Кровавый снег декабря - Евгений Васильевич Шалашов
Визгливые азербайджанские женщины, мрачные мужчины и шумные дети норовили набить плоты всем, что удавалось захватить с собой. Страшные усатые старухи пытались тащить с собой даже коз. Первое время Клюев пытался объяснять, что излишнее добро на плоту не поместится, но куда там! Потом он просто плюнул: сами выбросят.
Семью усаживали на плот, показывали (на всякий случай), как правильно грести, и выводили с помощью баркаса подальше. Там плоты сбивали в караван — до сорока-пятидесяти штук. А уже потом, в сопровождении парусника, плоты отправлялись по Каспию. И пусть жители молятся (мусульмане — Аллаху, а христиане — Николаю Угоднику), чтобы Каспийское море не разыгралось весенним штормом!
Поручик матерился про себя: его, боевого офицера, сняли с бастиона и отправили заниматься тем, с чем мог бы справиться хороший унтер! Но с приказом не поспоришь.
С трудом, но к концу недели мирные жители были вывезены. На армию плотов почти не осталось (никто же не позаботился вернуть их обратно). И, как на грех, только что бывшее спокойным море стало штормить. Соваться туда было бессмысленно. Не то что рыбацкие баркасы, но и океанские фрегаты не рискнули бы идти по разбушевавшемуся Каспию.
Генерал Вельяминов созвал совещание старших офицеров.
— Итак, господа, — негромко начал он, — нам противостоит неприятель, численность которого превышает наши войска в семь, а то и в девять раз. Какие будут предложения и мнения?
За долгие годы, проведённые рядом с Ермоловым, генерал-майор сам стал чем-то походить на Алексея Петровича: поворотом ли головы, манерой ли держаться. Правда, в отличие от небрежного в одежде и причёске Главнокомандующего, Вельяминов был настоящим аккуратистом: гладко зачёсанные волосы, застёгнутый на все пуговицы мундир. Не зная, что Алексей Алексеевич происходит из старинного боярского рода, занимавшего важнейшие посты при первых князьях московских, можно было подумать, что перед вами остзейский немец. Однако речь генерала была спокойная, даже мягкая, в отличие от рокочущих звуков того же Ермолова.

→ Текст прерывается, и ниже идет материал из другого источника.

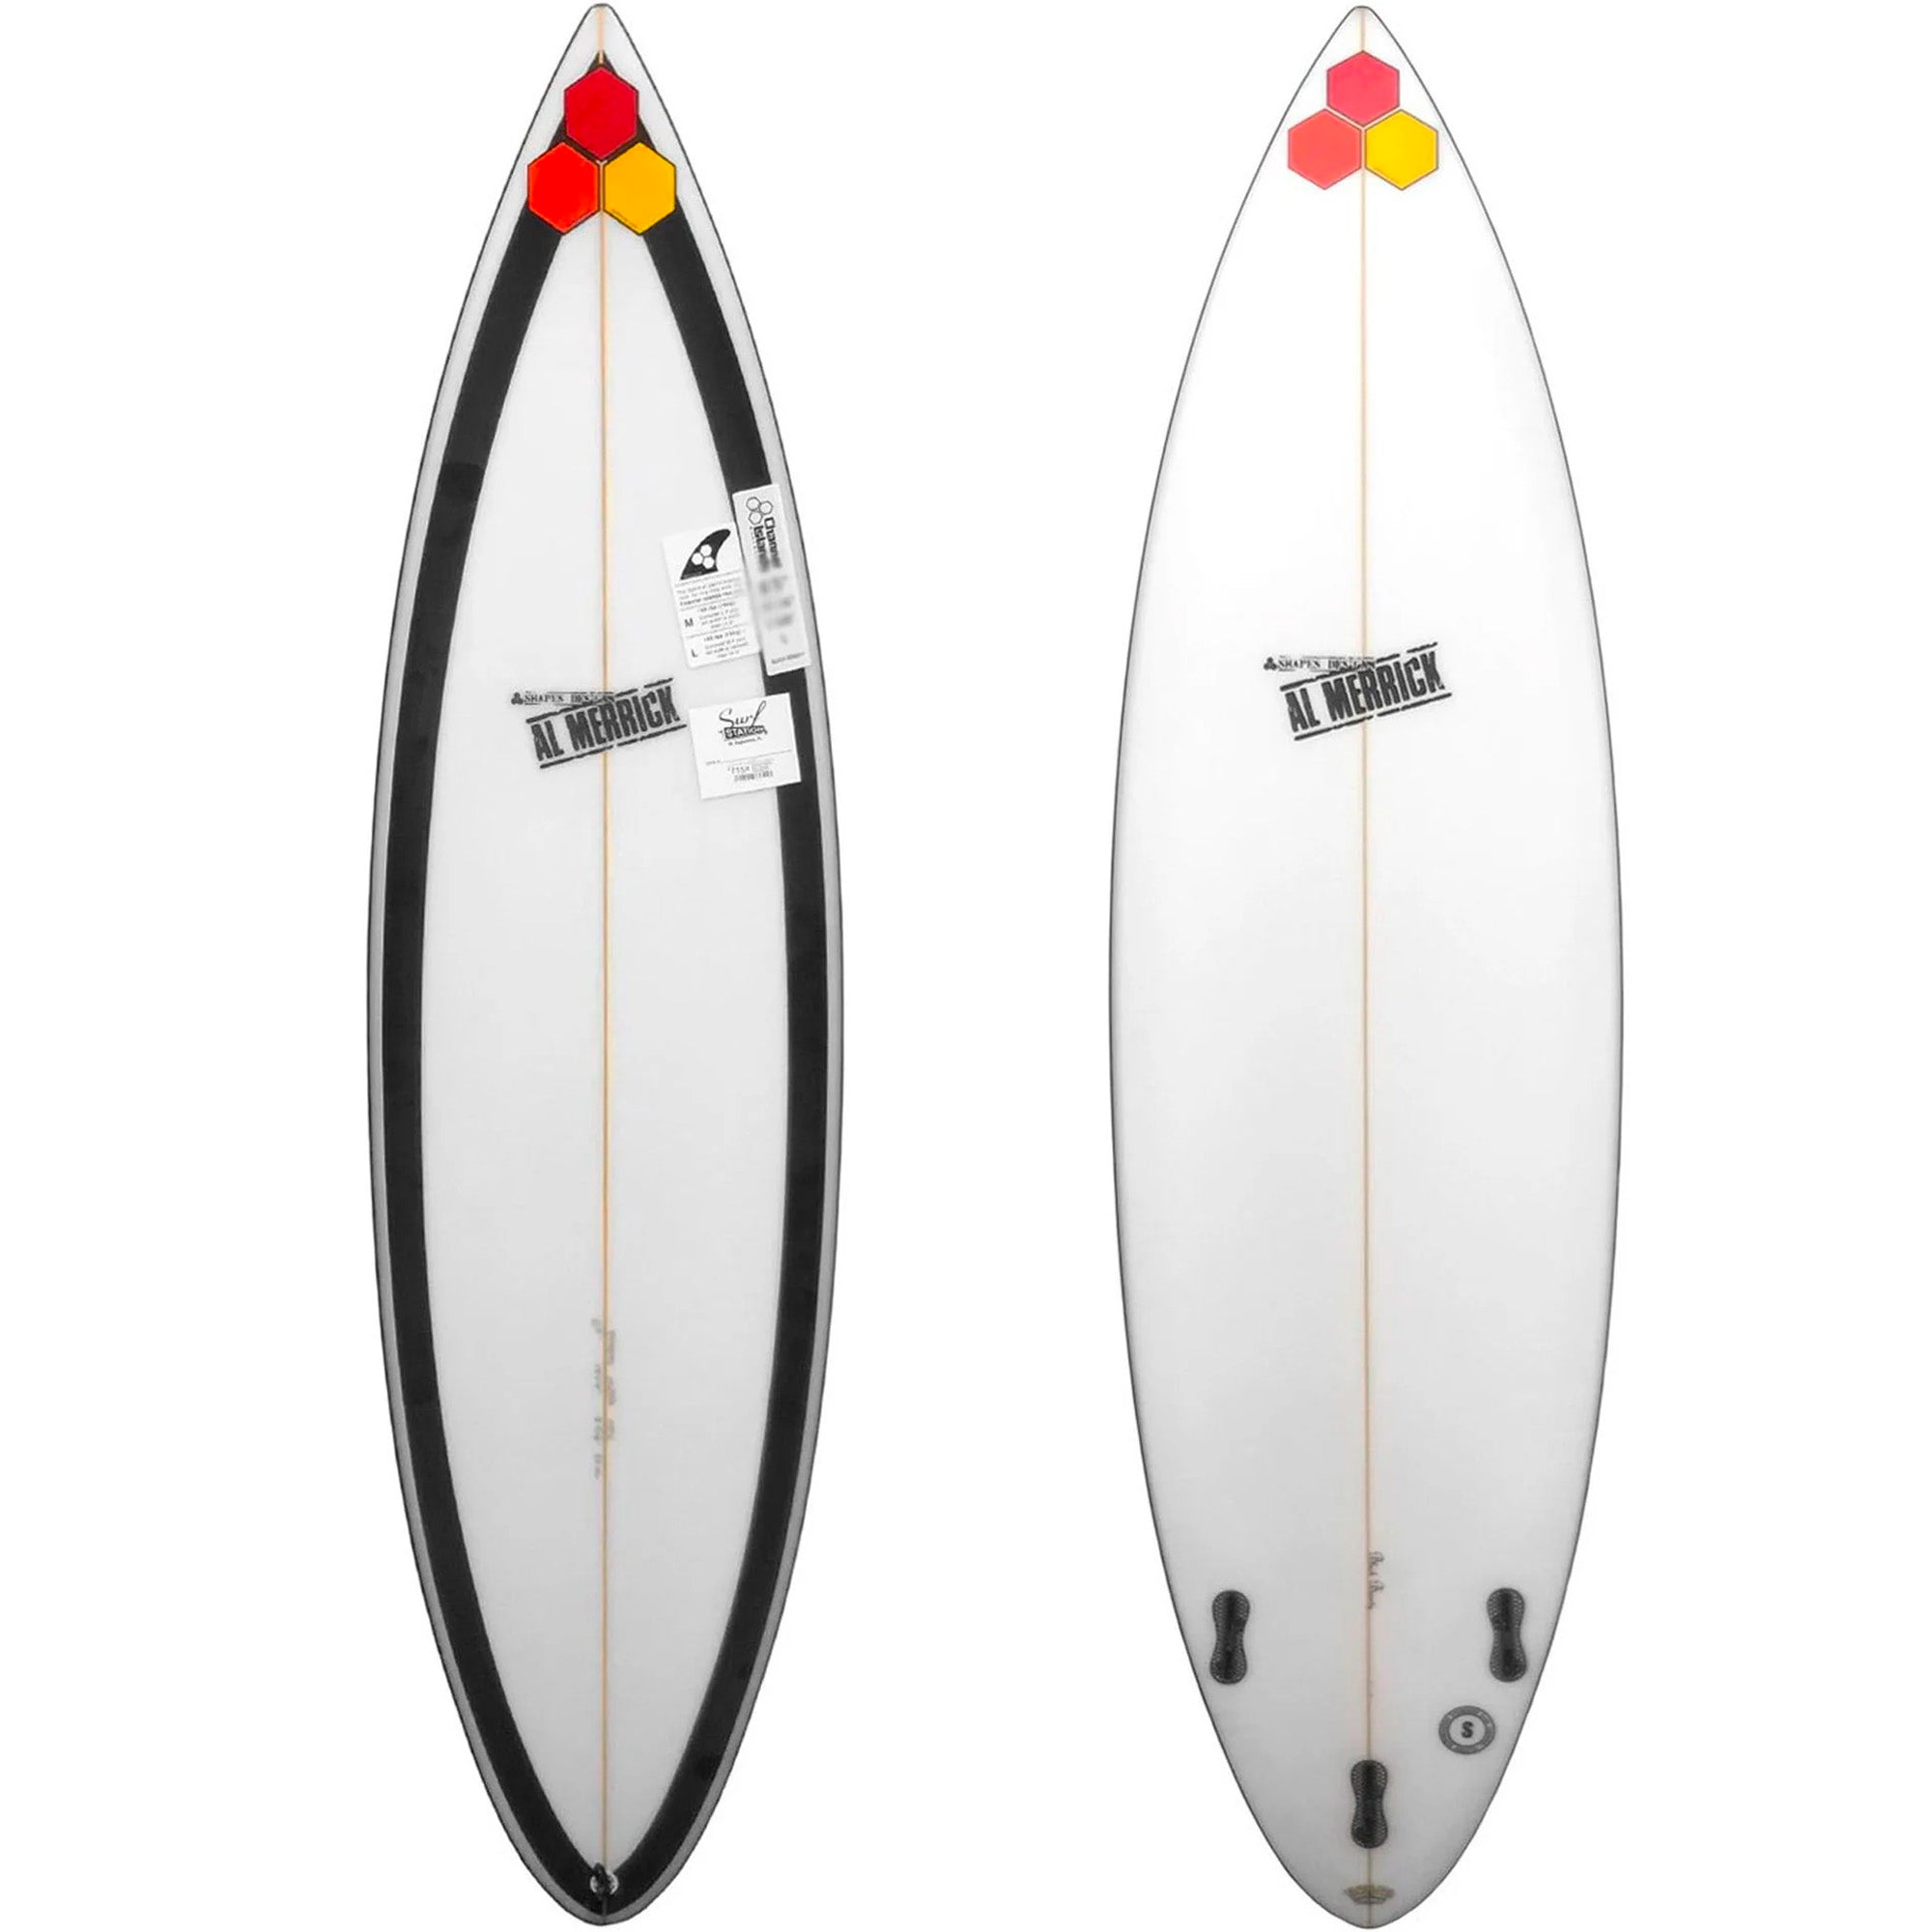 Channel Islands Black Beauty Surfboard - FCS II

Как и положено, первыми высказывались младшие по званию. Майор Потапов, командовавший егерями, предложил переждать шторм, а потом отправиться морем. По его мнению, плоты можно вязать из кустарника. Командир драгун подполковник Сумкин настаивал на атаках и причинении максимального урона неприятелю. Казаки предлагали прорыв. Было, правда, мнение о том, что нужно сидеть в осаде, дожидаясь подхода основных сил. Командующий артиллерией Двиняев вообще отмолчался, сообщив, что он — как решит большинство.
Выслушав офицеров, генерал подвёл черту:
— Итак, господа. Продовольствия в городе из-за ухода жителей предостаточно. Питьевая вода есть. На оборону города наших сил хватит. Но! Главная беда — у нас нет необходимого количества пороха и картечи. Так, Семён Михайлович?

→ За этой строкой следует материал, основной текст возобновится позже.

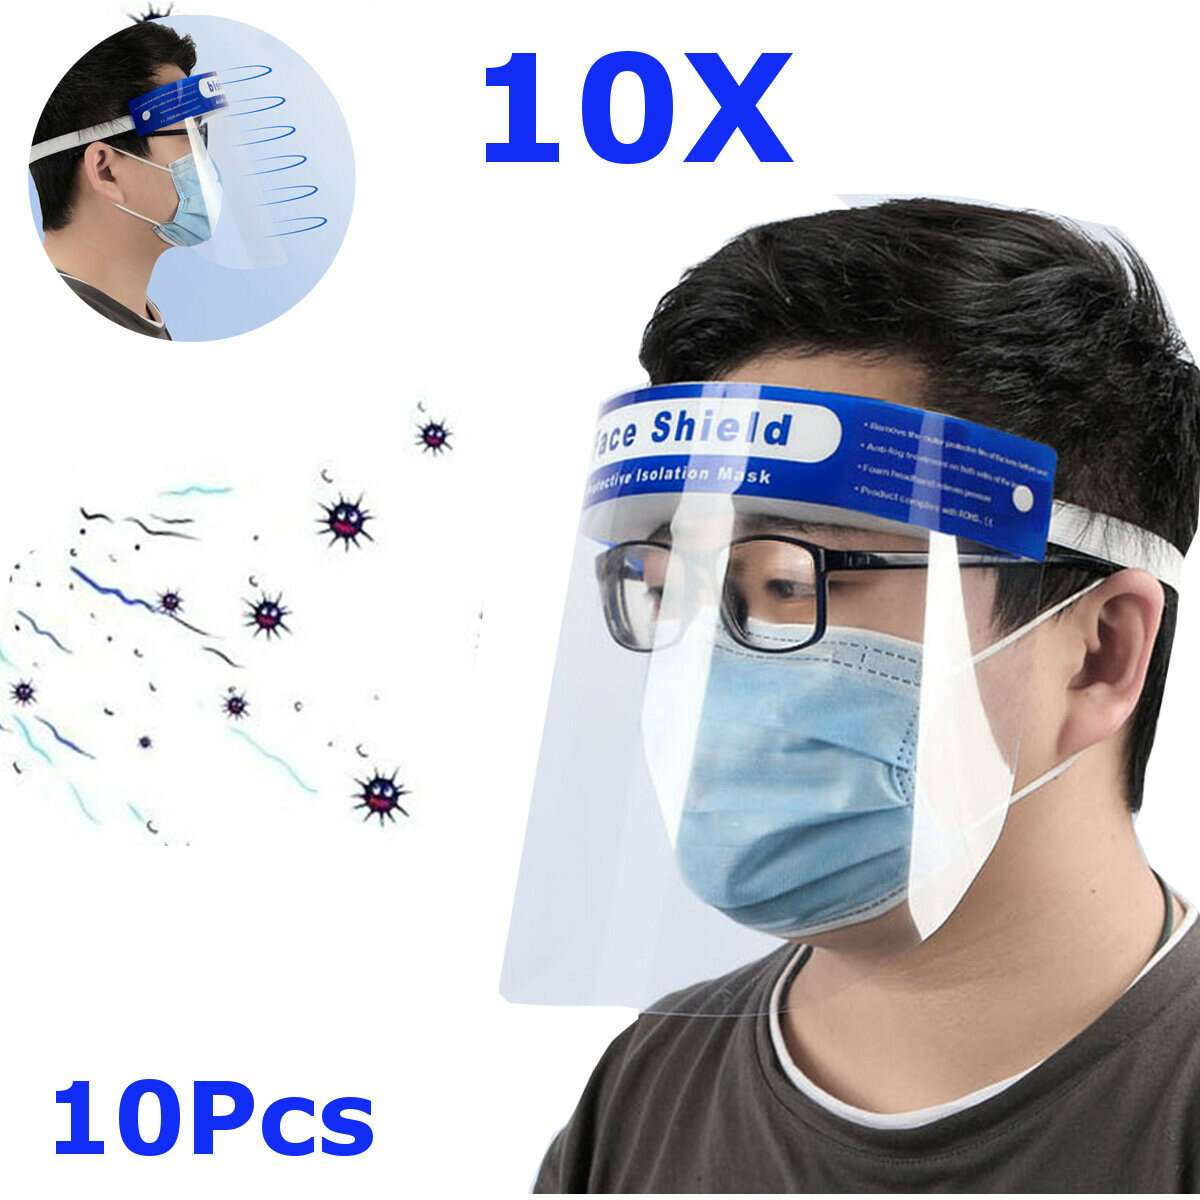 

10Pcs Transparent Adjustable Full Face Shield Plastic Anti-fog Anti-spit Protective Mask

Сидевший в углу Двиняев молча кивнул. Потом немного подумал и сказал:
— Так точно! Всю неделю отбивали атаки только за счёт пороха, изъятого у населения.
— На сколько хватит запаса? — спросил командир егерей.
— В лучшем случае — на три-четыре дня.
Офицеры замолчали. Нет, конечно, все знали, что с порохом дела обстоят скверно. Но чтобы так скверно! Отбивать атаки персов удавалось только благодаря плотному огню, который Двиняев мастерски сумел организовать. Палить же со стен из ружей по атакующим… Уж лучше по старинке — сбрасывать камни и лить кипяток.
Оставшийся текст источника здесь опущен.